§ **Data provided**:
=== Section Start ===

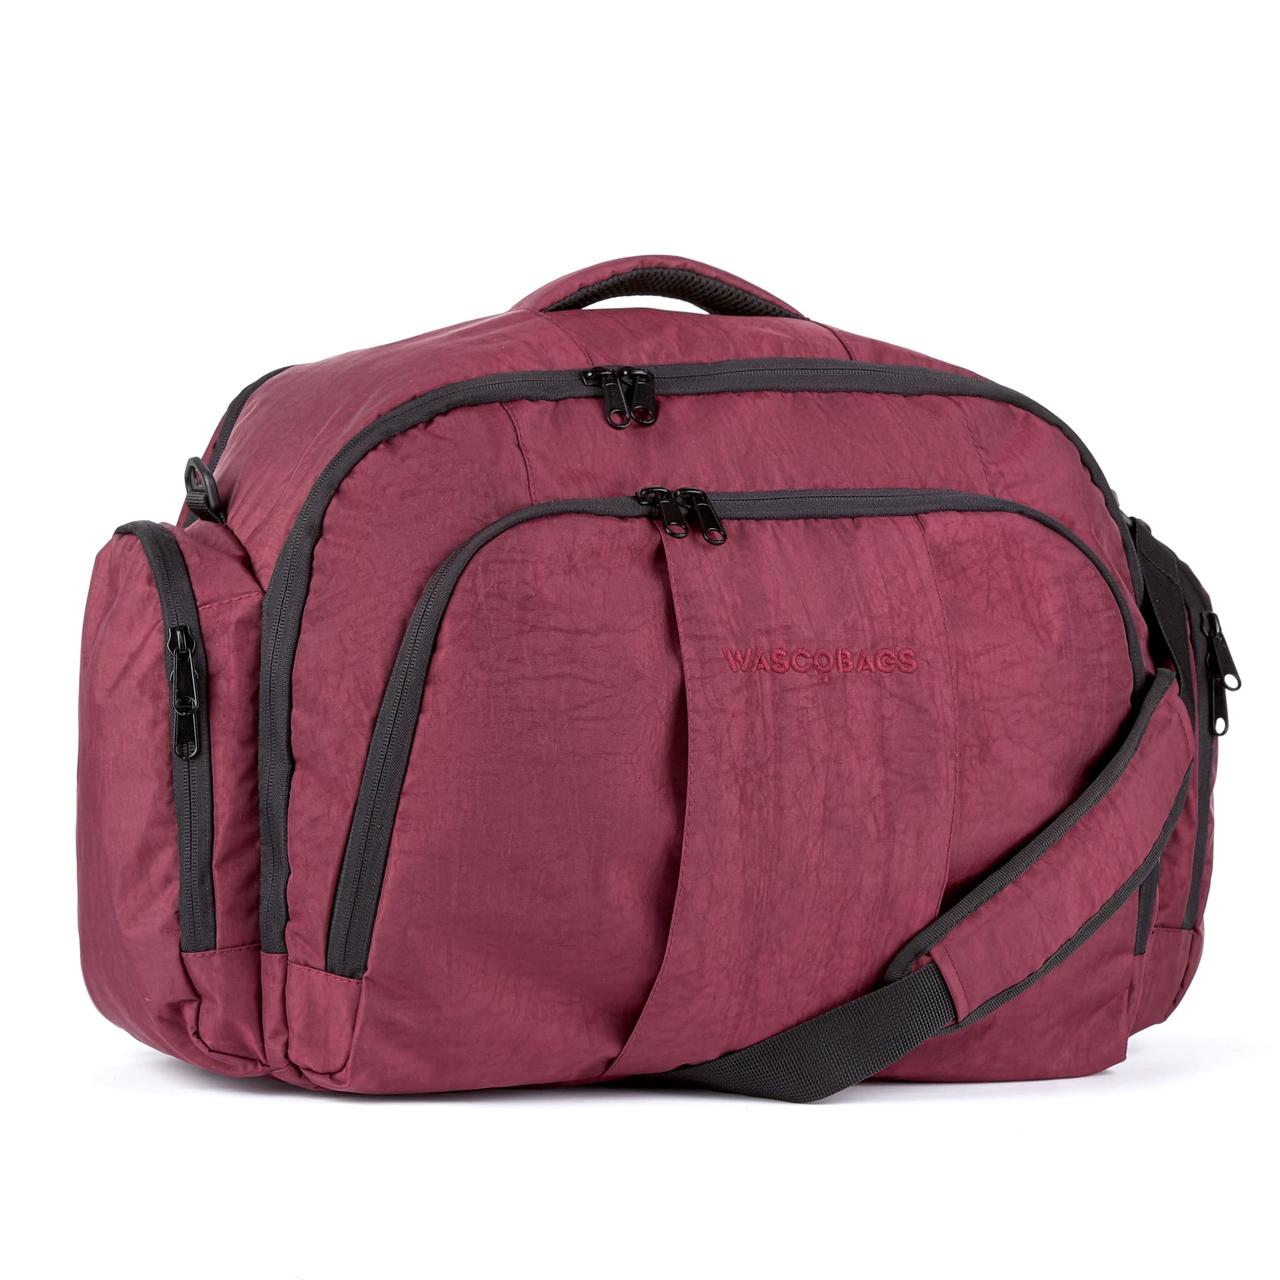 Дорожная сумка Wascobags Atlantic 55х35х20 Bordo (39 L), ручная кладь
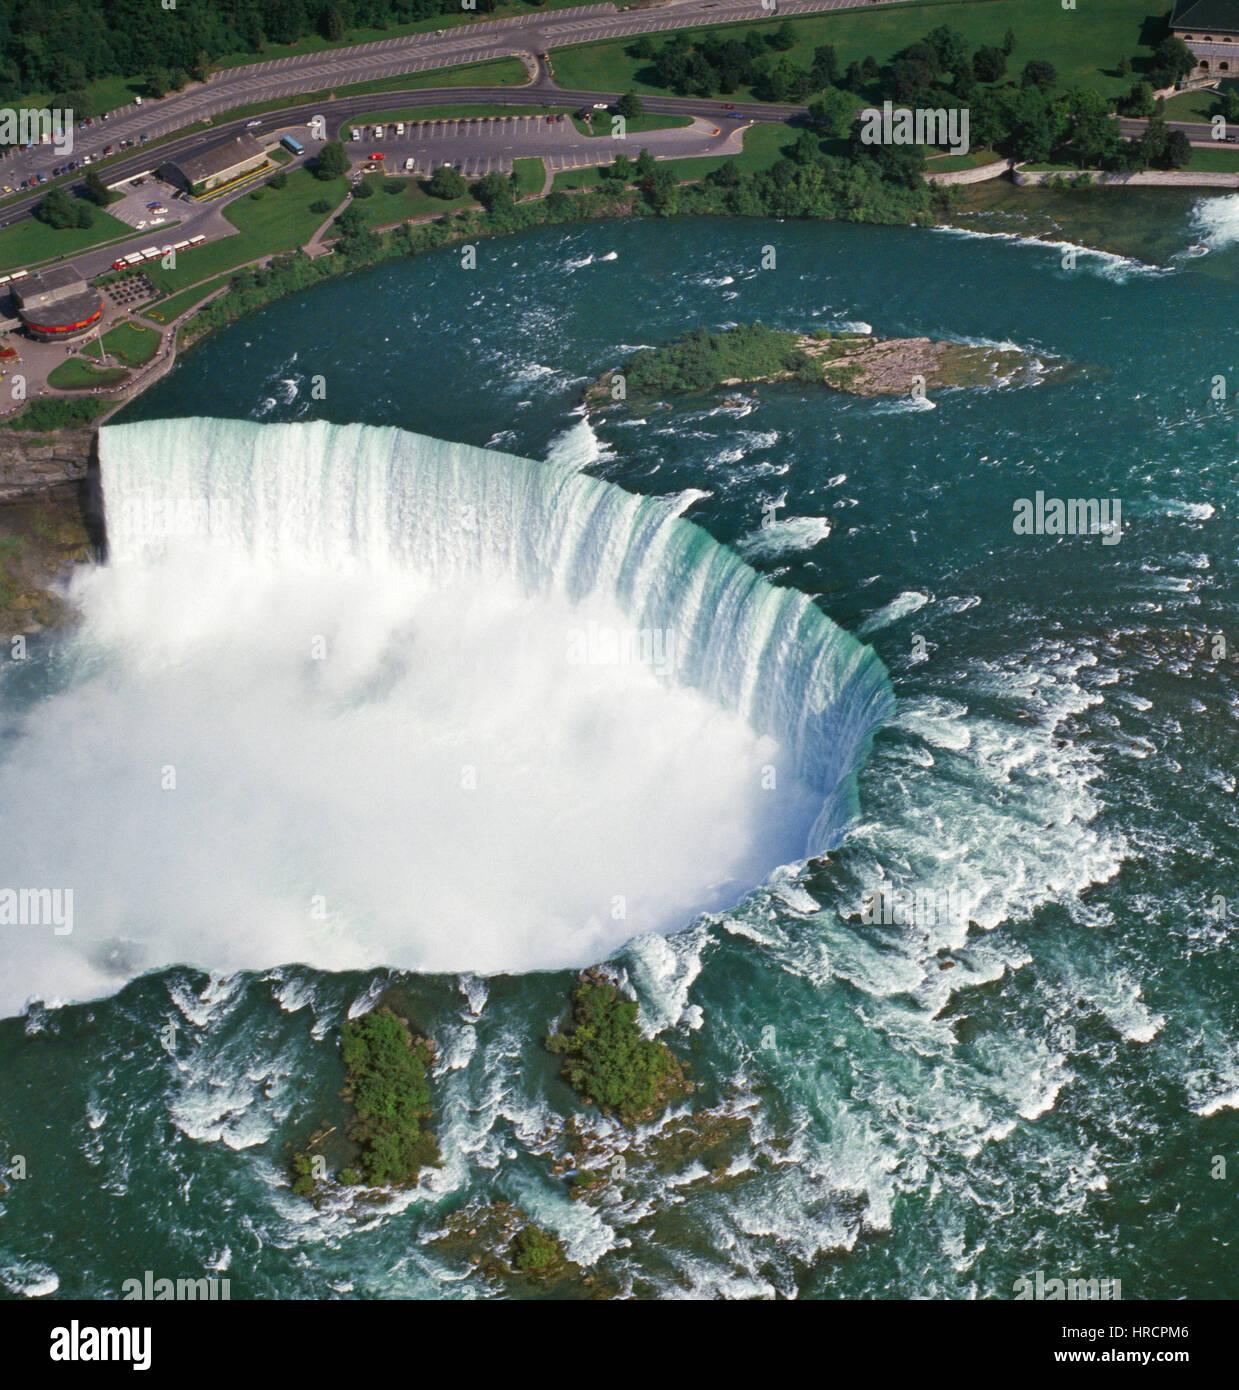 Luftaufnahme von Niagara Falls, Ontario, Kanada Stockbild
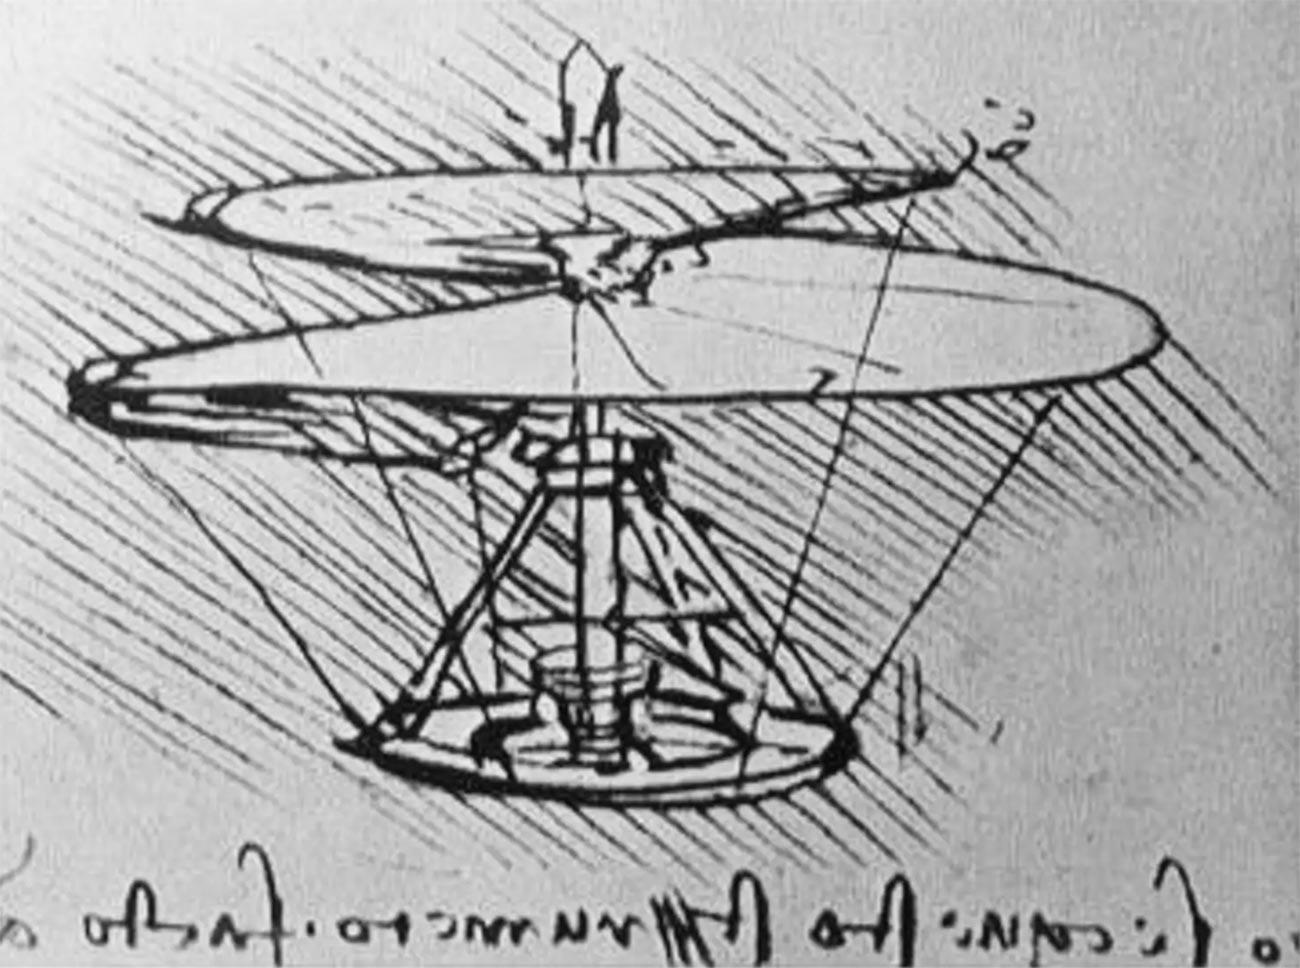 Projet de Léonard de Vinci
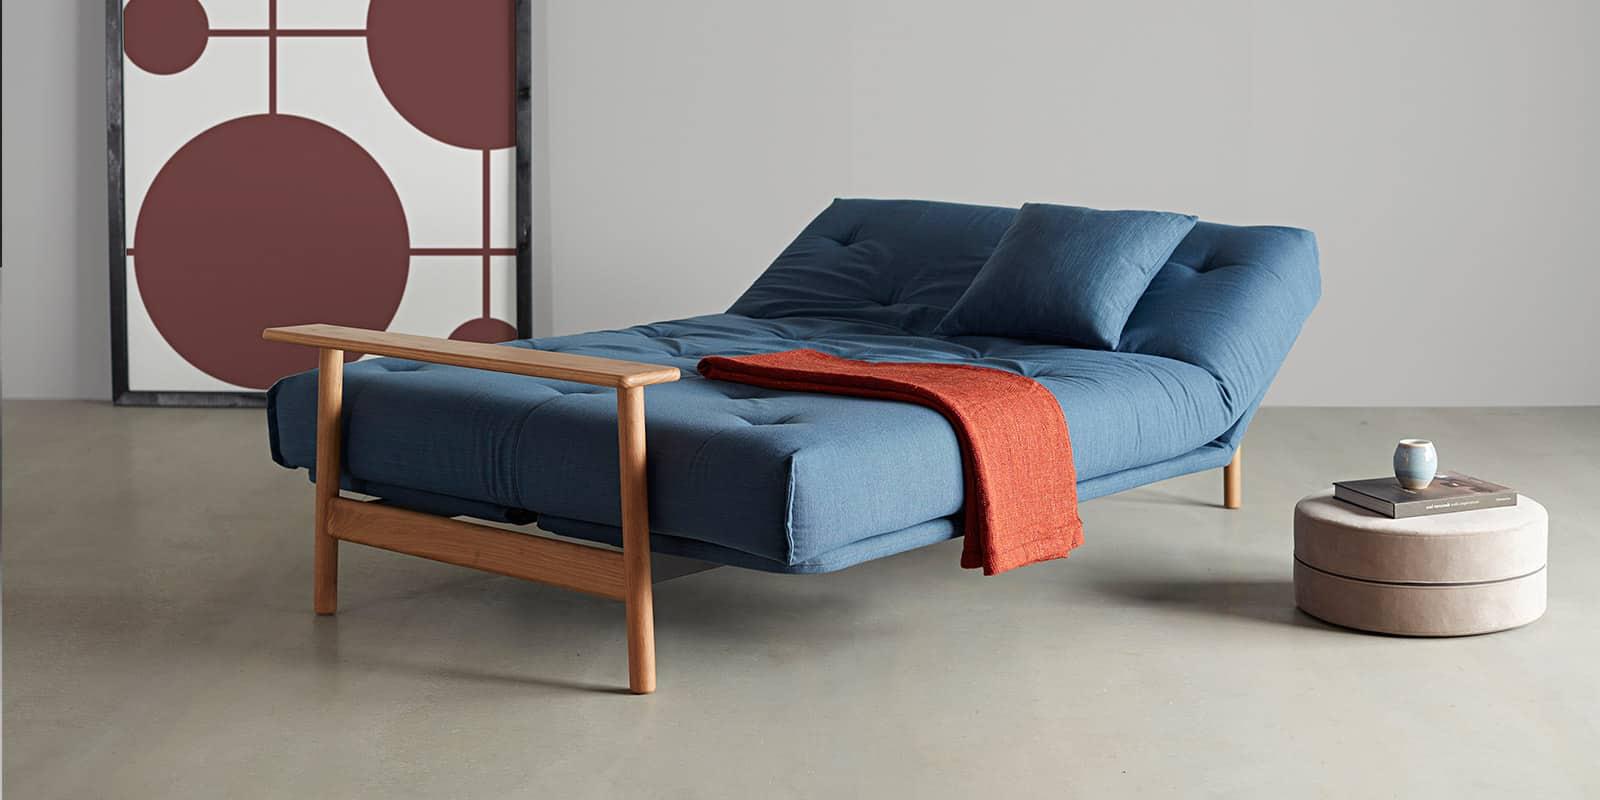 Full Size of Klappbares Doppelbett Bett Bauen Innovation Living Mbel Schlafsofas Und Design Sofas Ausklappbares Wohnzimmer Klappbares Doppelbett

=== Section End ===

§ **Problem details**: Would you write out all of the data exactly as it stands, without the pictures?

§ **Task answer**:
 Дорожная сумка Wascobags Atlantic 55х35х20 Bordo (39 L), ручная кладь
 Luftaufnahme von Niagara Falls, Ontario, Kanada Stockbild
 Projet de Léonard de Vinci
 Full Size of Klappbares Doppelbett Bett Bauen Innovation Living Mbel Schlafsofas Und Design Sofas Ausklappbares Wohnzimmer Klappbares Doppelbett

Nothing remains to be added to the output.